My mother always complained that there were five other Marys in her class at boarding school. At the Brooklyn party on Saturday, half the women wore “Mary” or “Maria” name tags. Standard issue 1950s Catholic names (Mum’s sisters are Breda and Theresa, hardly a great departure).
My grandparents’ generation were given solid English names, like Charles, William, Margaret, Winifred. They were born before Irish independence, and before airs and notions. We Lemass-era baby boomers, on the other hand, were given high-falutin’ old Gaelic names, hard to spell and worse to pronounce. Any Dearbhailes, Sorchas, or Siobhans you meet are almost certainly around 30. Mostly, our parents tried to punt with old names that were still saints’ names, like mine, but a few daring ones went all-out on Celtic myths and called their darlings Naoise, Oisin, or Niamh.

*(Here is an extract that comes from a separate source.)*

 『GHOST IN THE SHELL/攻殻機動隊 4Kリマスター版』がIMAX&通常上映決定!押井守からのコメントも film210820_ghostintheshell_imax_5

Then the pope visited Ireland in 1979. This was back before a papal visit was launched on just any old country, and we thought we were something special. People bought televisions for the event.
“Young people of Ireland,” he boomed, “I LOFF YOU!”
Seven years later, my mother started to see a trickle of small John-Pauls in her classroom. It grew to a flood in the next five years, and she dreaded them.
“John Pauls are nearly always thick as a plank. And bold, too. John Paul Brennan, John Paul Loughnane, the lot of them.” she says.
Why are baby names subject to fashion and class distinctions in some countries and not in others?